Significance. If the experimental attribution and improvement results hold, the work supplies a concrete, symmetry-aware diagnostic for adversarial brittleness in equivariant QML that goes beyond generic robustness metrics. The group-theoretic characterization of accessible invariant information is a clear strength, as it yields falsifiable, dataset-independent predictions about which features can be exploited. The demonstration that sector suppression improves transfer robustness offers a practical design principle for future models, directly addressing the gap between symmetry exploitation and adversarial considerations in quantum machine learning.

major comments (2)
  1. [§4.2] §4.2 (Targeted input transformations and sector identification): The central claim that ring-averaged intensities constitute the brittle statistic (and that suppressing their sector improves robustness) rests on the assumption that each targeted transformation affects only the intended invariant statistic without unintended side effects on other sectors or the group-twirled input. The manuscript should supply explicit verification—e.g., the change in the full set of sector statistics before versus after each transformation, or a quantitative orthogonality measure—to confirm that confounding across complementary invariant subspaces is negligible.
  2. [§5] §5 (Experimental results and robustness gains): The reported improvements in transfer robustness after sector suppression are presented without error bars, statistical significance tests, or details on data exclusion criteria and hyperparameter sensitivity. This makes it difficult to evaluate whether the gains are reproducible and load-bearing for the claim that equivariance does not guarantee robustness, particularly given the low-confidence assessment of the experimental component.
minor comments (2)
  1. Notation for symmetry sectors and twirled inputs is introduced without a compact summary table or diagram; a single figure or table collecting the sector decomposition would improve readability.
  2. The abstract states that predictions 'depend only on the group-twirled input'; this is repeated in the main text but would benefit from an explicit pointer to the relevant equation or proposition establishing the reduction.

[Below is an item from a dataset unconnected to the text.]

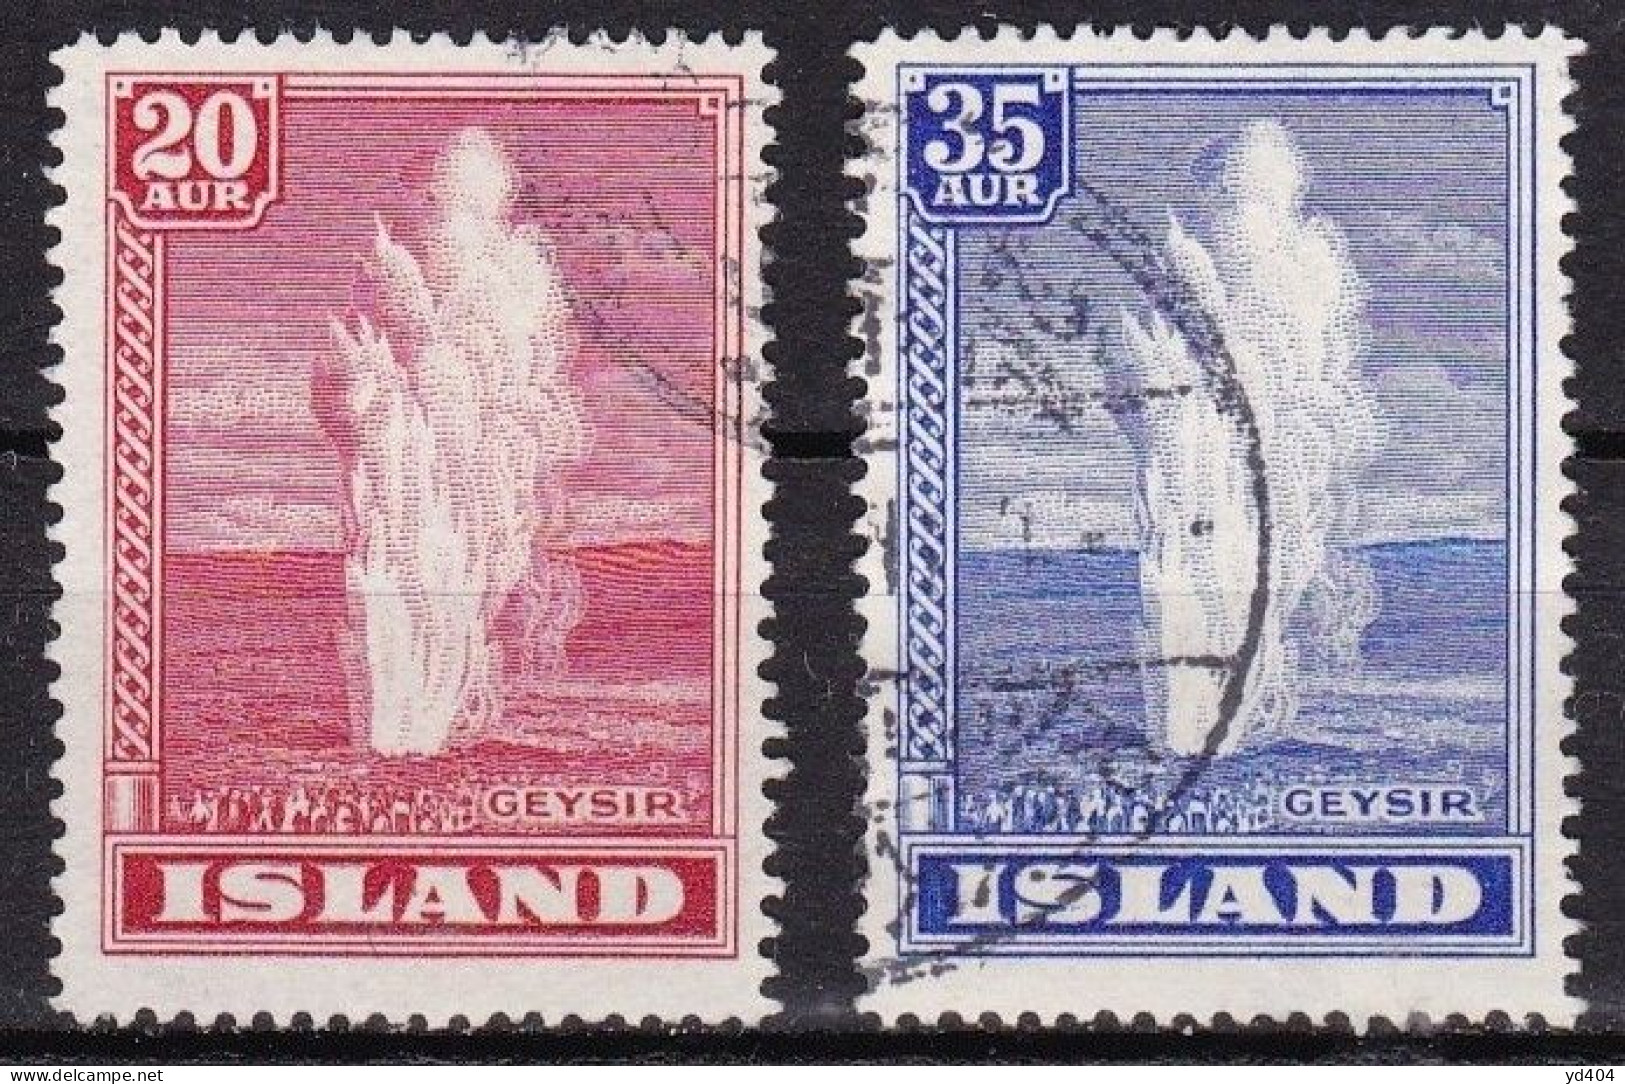 IS036B – ISLANDE – ICELAND – 1938 – THE GREAT GEYSER – SG # 225/6 USED - Oblitérés

Simulated Author's Rebuttal

2 responses · 0 unresolved

We thank the referee for their careful reading and constructive feedback, which has identified opportunities to strengthen the rigor of our analysis and experimental reporting. We address each major comment below and outline the revisions we will make.

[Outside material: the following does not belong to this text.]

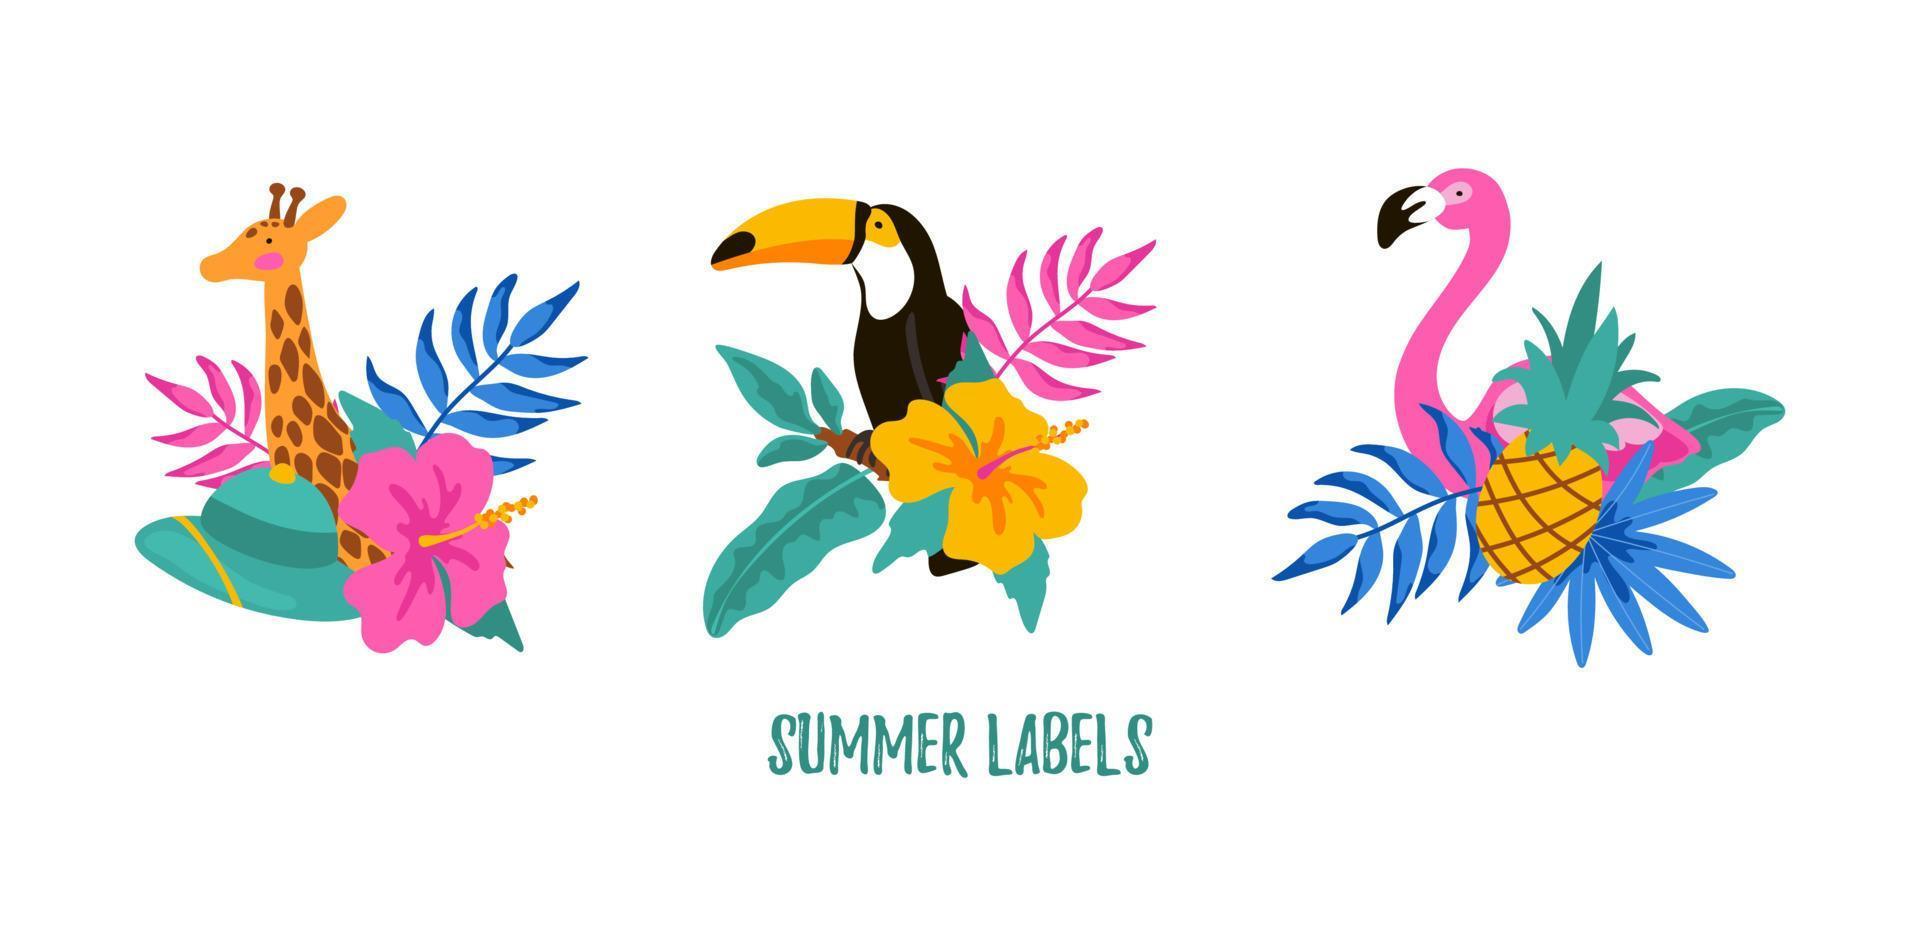 conjunto de etiquetas de verano dibujadas a mano con jirafa, flamenco, tucán, hojas tropicales, flores y piña. ilustración vectorial vector

read point-by-point responses

  1. Referee: [§4.2] §4.2 (Targeted input transformations and sector identification): The central claim that ring-averaged intensities constitute the brittle statistic (and that suppressing their sector improves robustness) rests on the assumption that each targeted transformation affects only the intended invariant statistic without unintended side effects on other sectors or the group-twirled input. The manuscript should supply explicit verification—e.g., the change in the full set of sector statistics before versus after each transformation, or a quantitative orthogonality measure—to confirm that confounding across complementary invariant subspaces is negligible.

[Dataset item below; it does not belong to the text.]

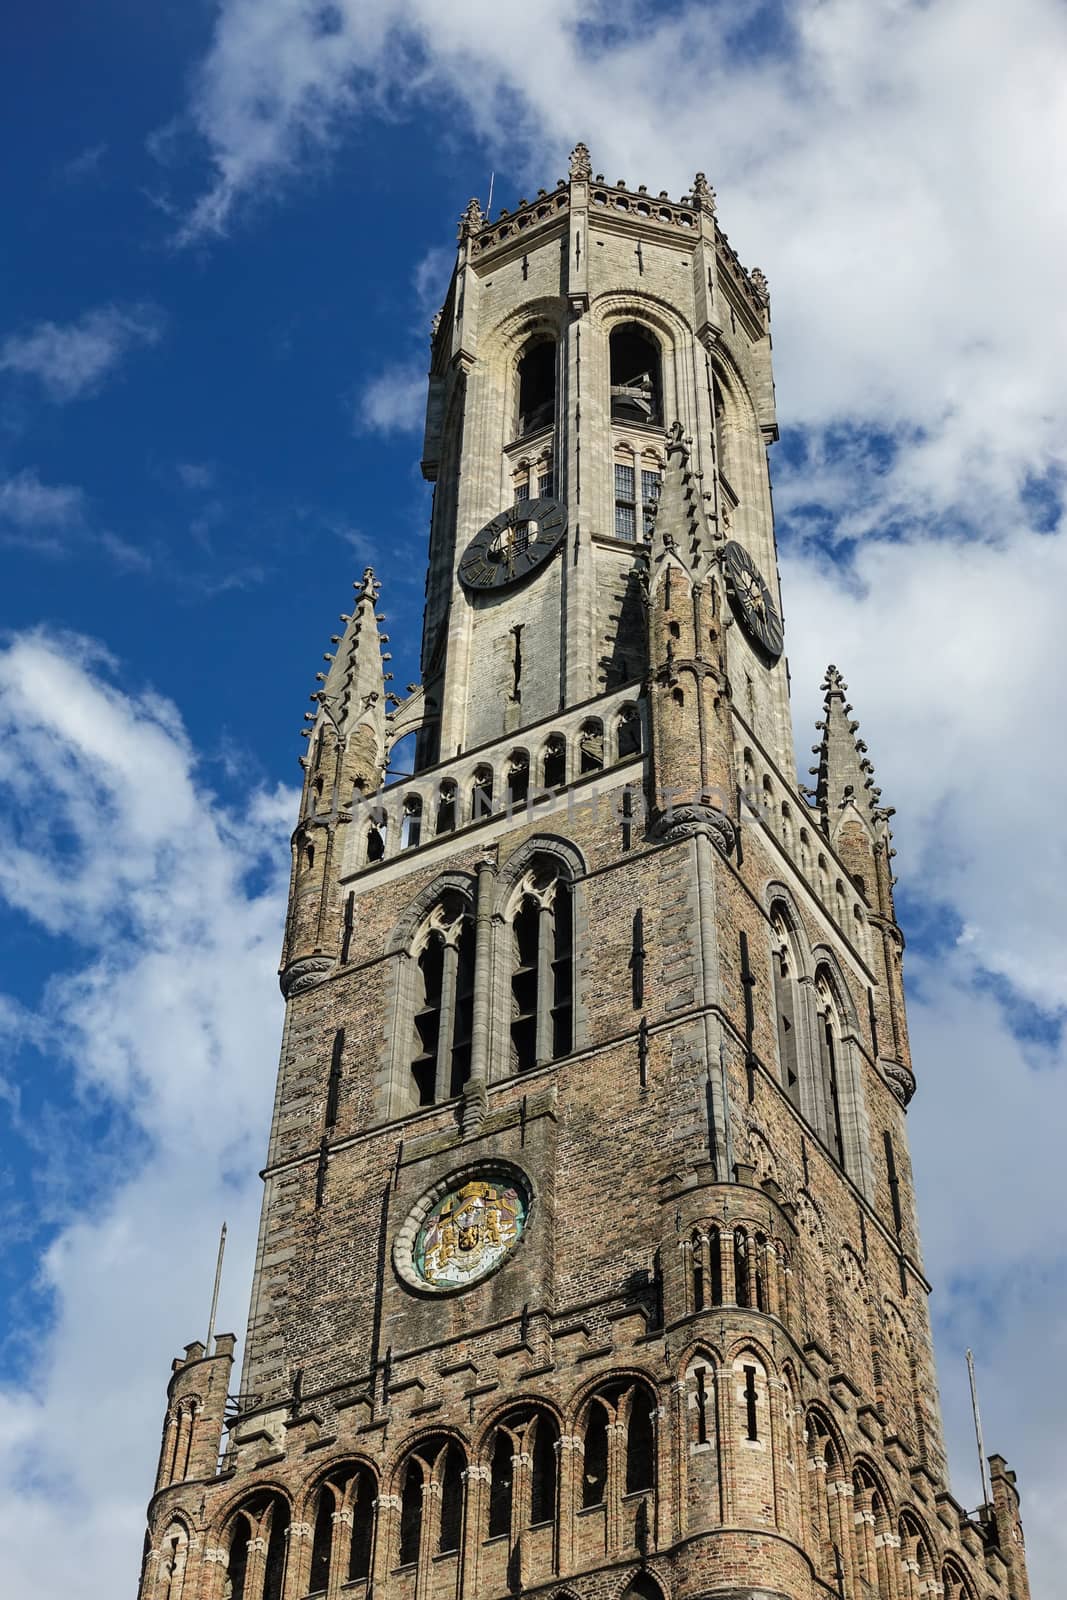 Top of tower of Belfry, Bruges, Flanders, Belgium. by Claudine

    Authors: We agree that explicit verification is necessary to fully substantiate the specificity of the targeted transformations. While the group-theoretic decomposition ensures that the symmetry sectors are orthogonal by construction (as the invariant features are projections onto distinct irreducible representations), we acknowledge that the manuscript does not currently provide a direct empirical check of cross-sector leakage under the chosen transformations. In the revised manuscript, we will add to §4.2 a quantitative analysis: for each transformation, we will report the pre- and post-transformation values of the complete set of sector statistics (including both the ring-averaged intensities and the orthogonal complement sectors), together with a simple orthogonality metric (e.g., the normalized inner product between the change vectors in different sectors). This will confirm that unintended effects remain negligible, as predicted by the theory. revision: yes

  2. Referee: [§5] §5 (Experimental results and robustness gains): The reported improvements in transfer robustness after sector suppression are presented without error bars, statistical significance tests, or details on data exclusion criteria and hyperparameter sensitivity. This makes it difficult to evaluate whether the gains are reproducible and load-bearing for the claim that equivariance does not guarantee robustness, particularly given the low-confidence assessment of the experimental component.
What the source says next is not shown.